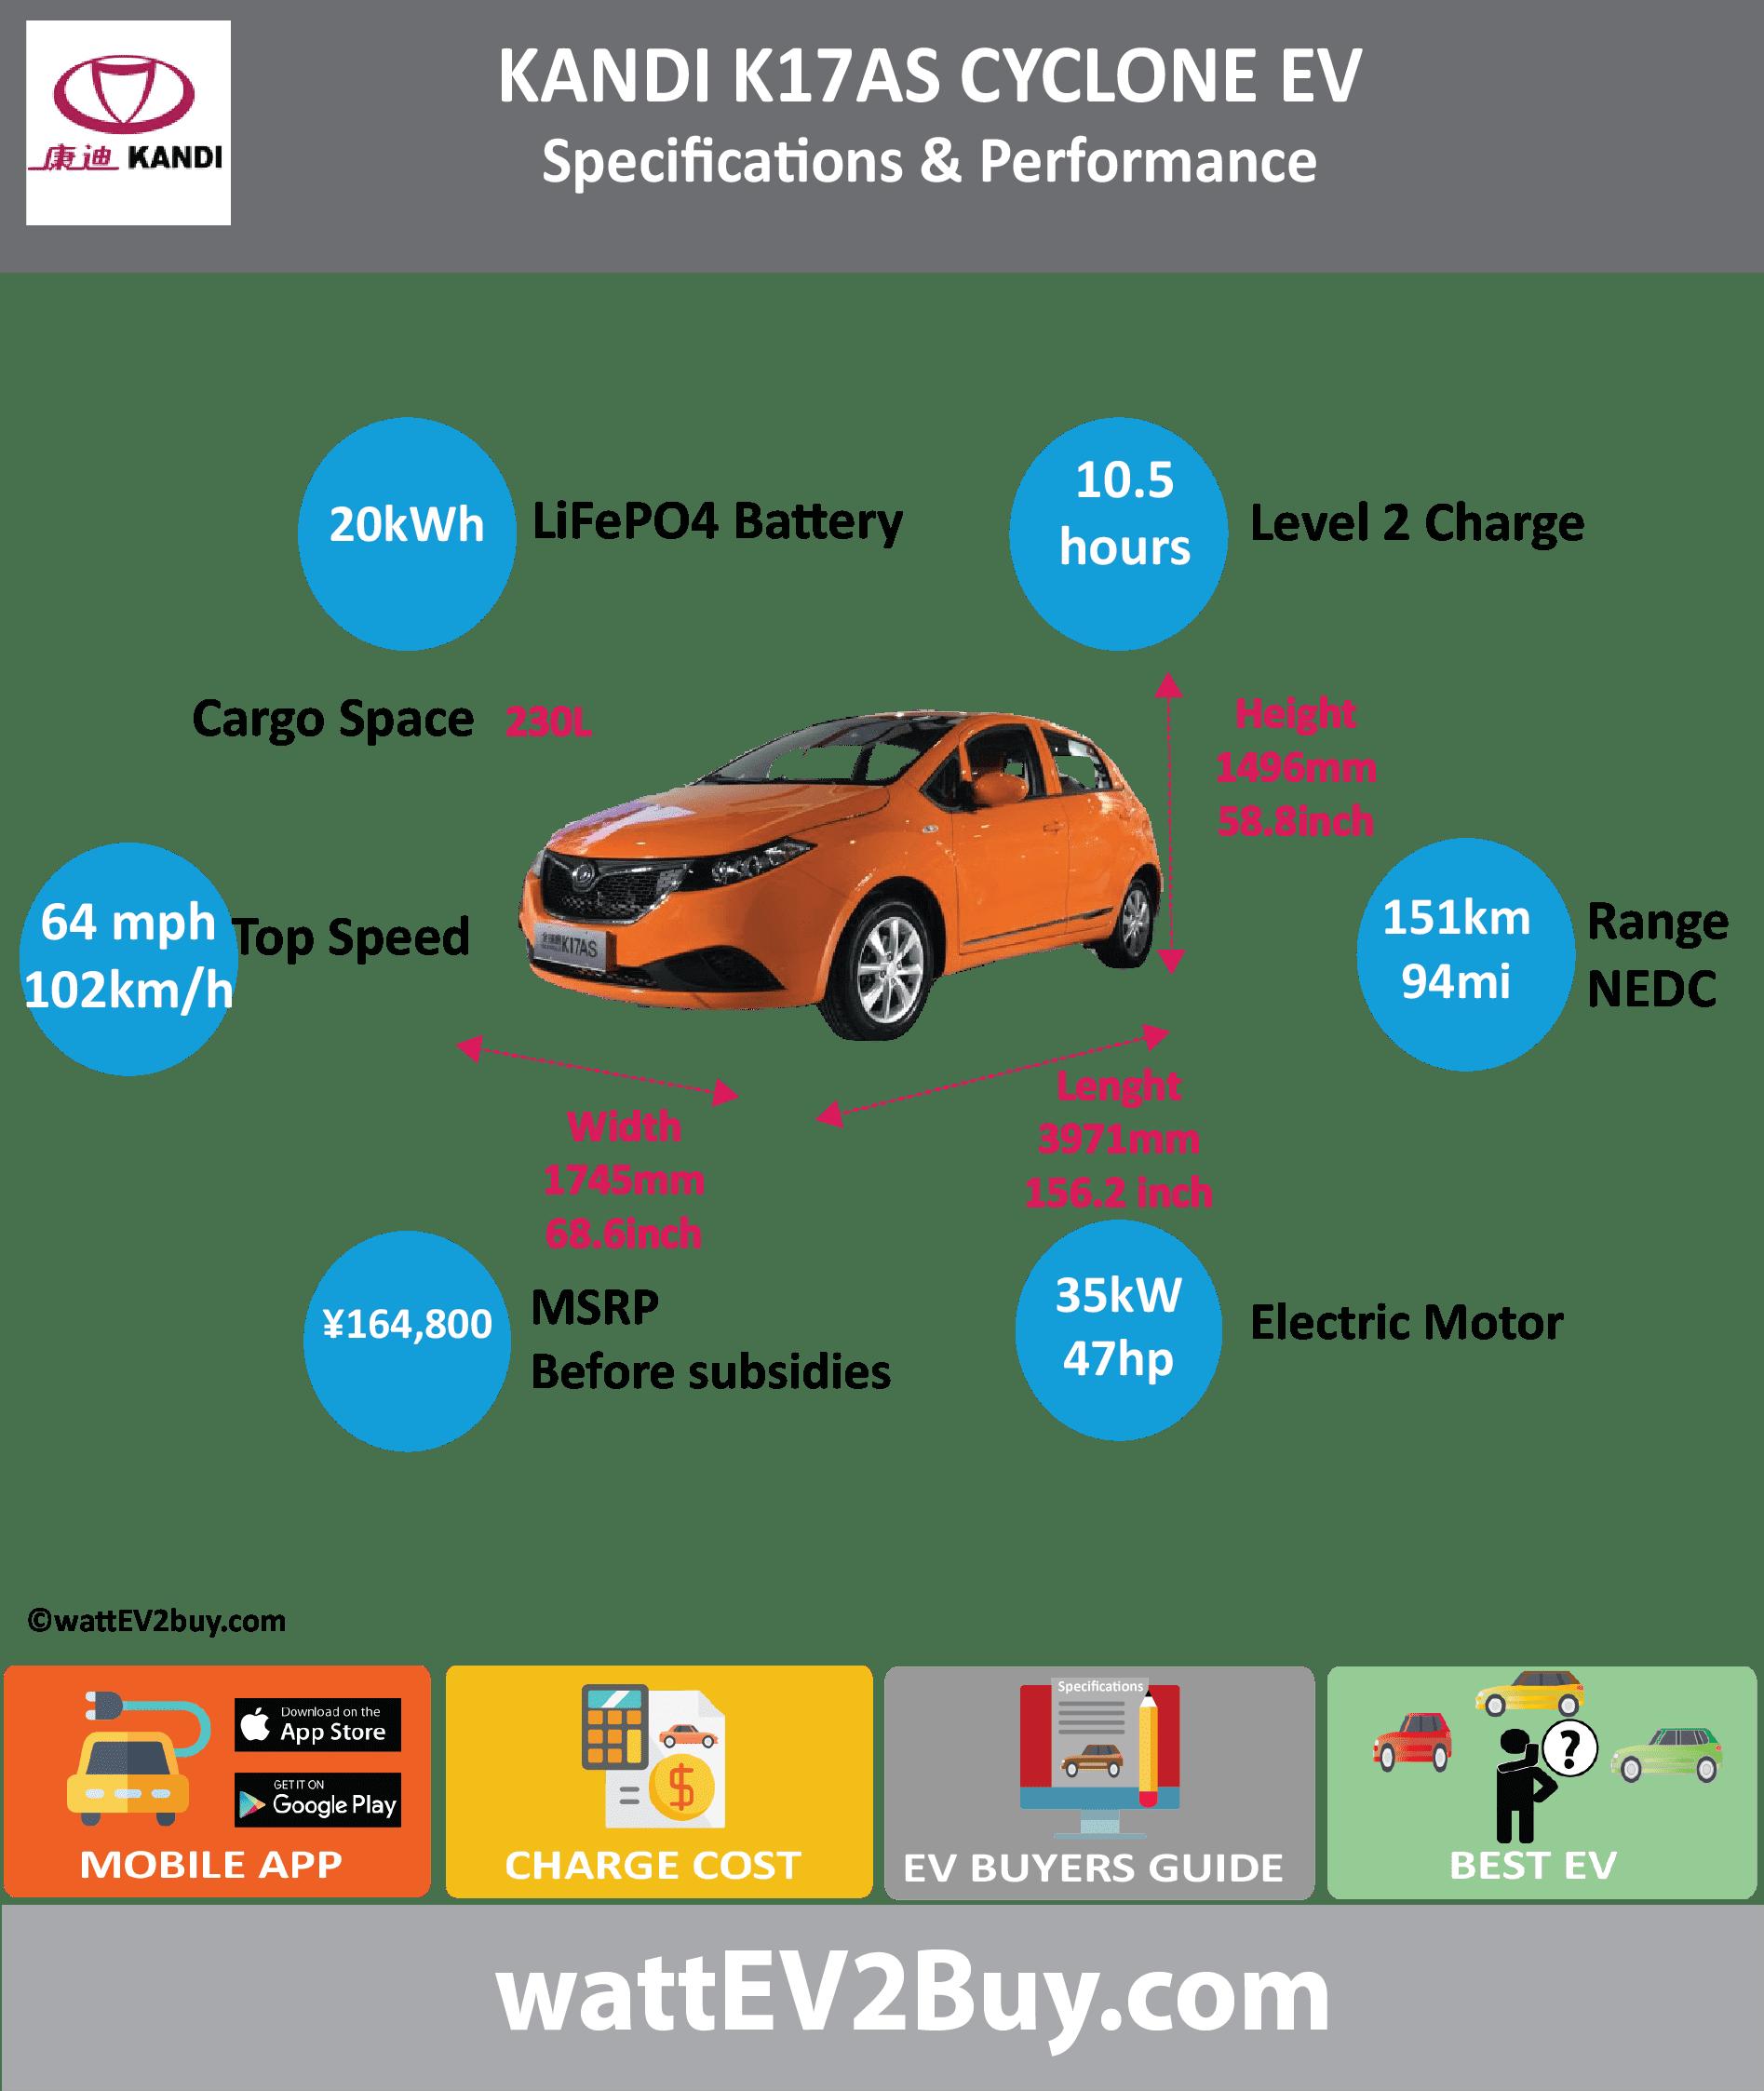 Kandi Cyclone Specs Card Wireless Power Transmission Market Detailed
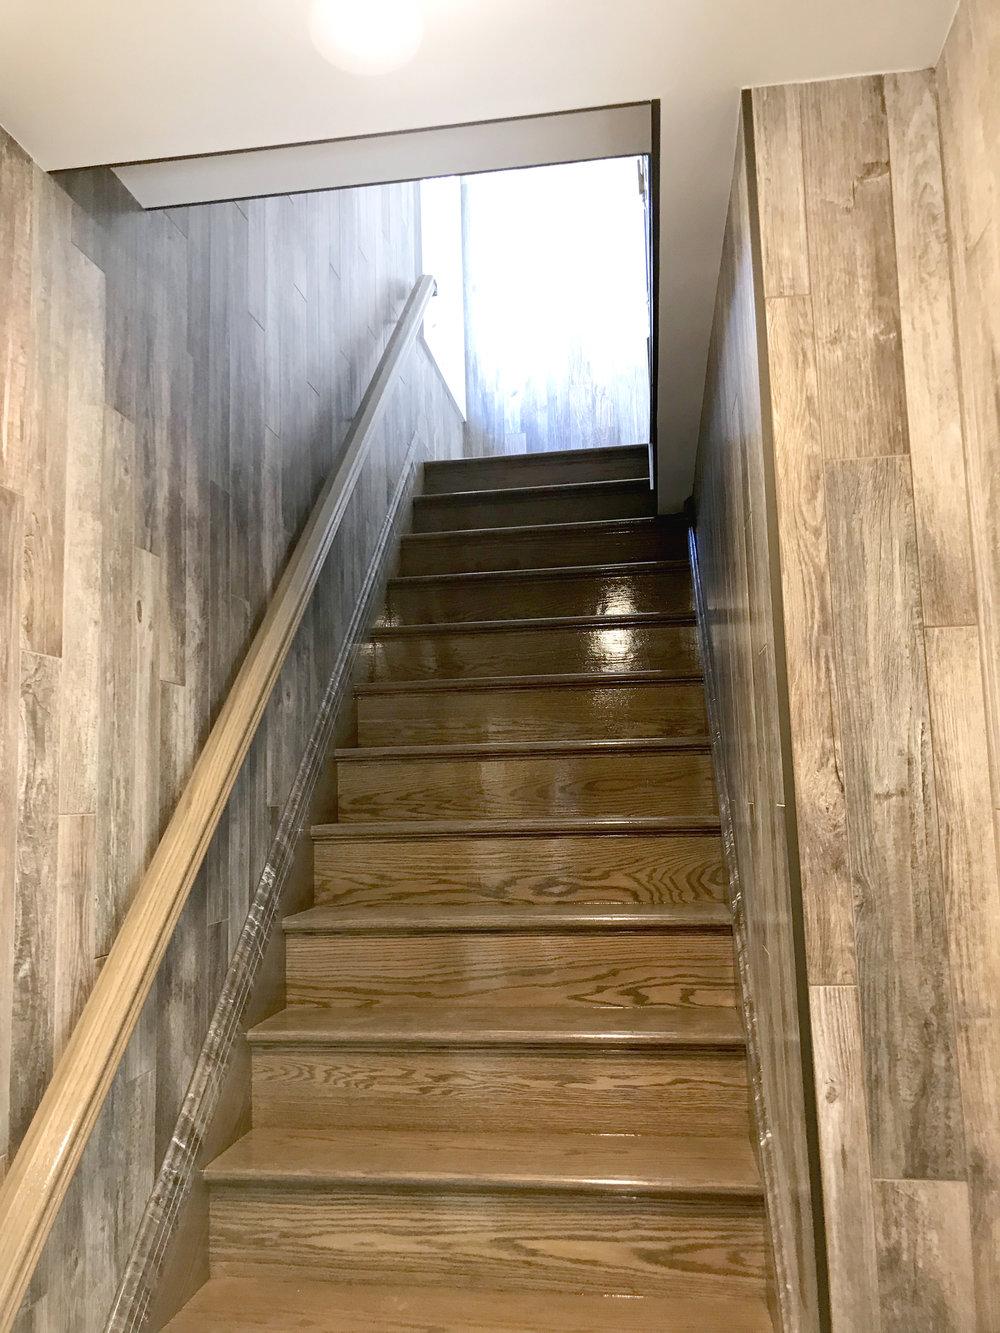 woodgrain-stairs-1.jpg
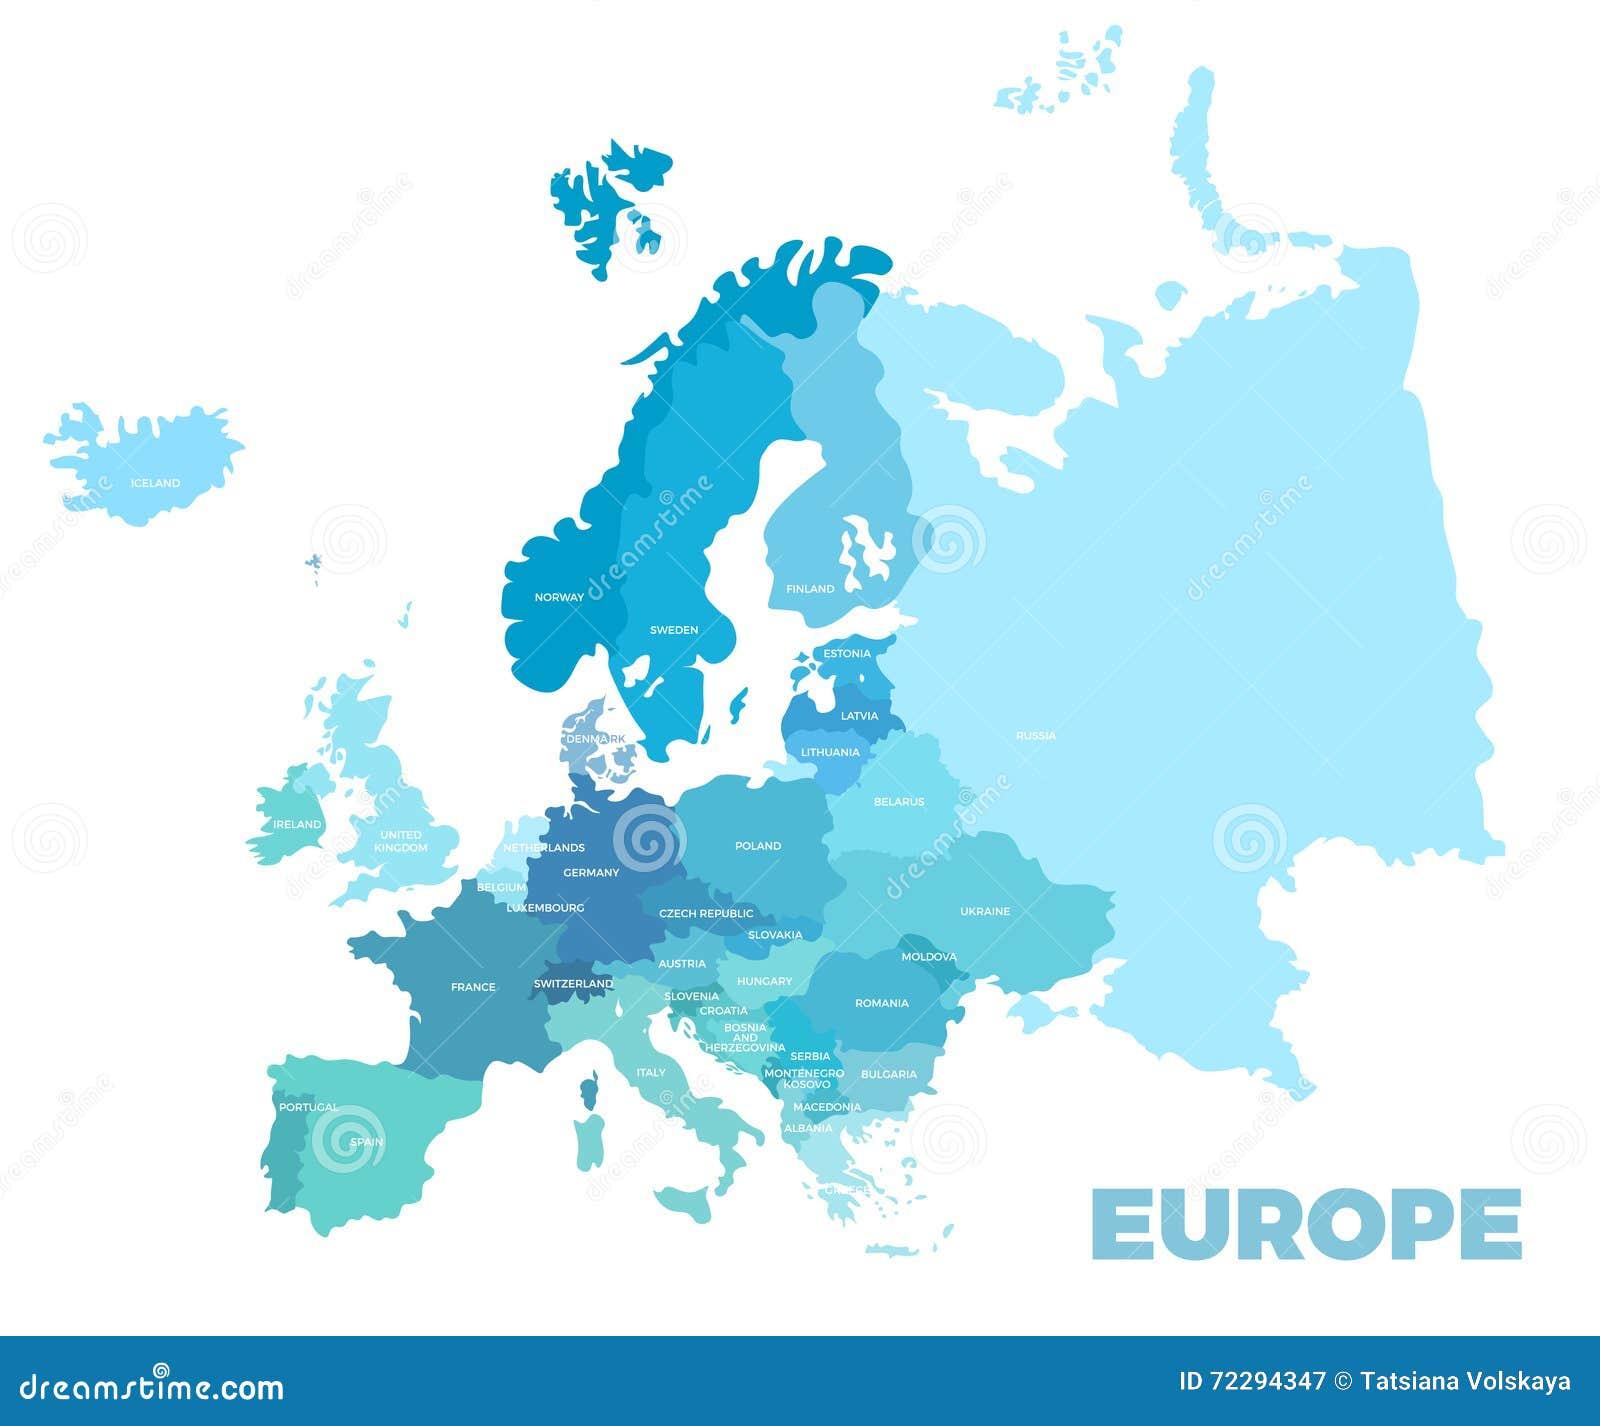 Europe modern detailed map stock vector. Illustration of ...
***
- **About this exercise**: The lines from the one containing "woodgrain-stairs-1.jpg" up to and including the last line of the material above are to be given again exactly; any pictures are dropped.

- **Task result**:
 woodgrain-stairs-1.jpg
 Europe modern detailed map stock vector. Illustration of ...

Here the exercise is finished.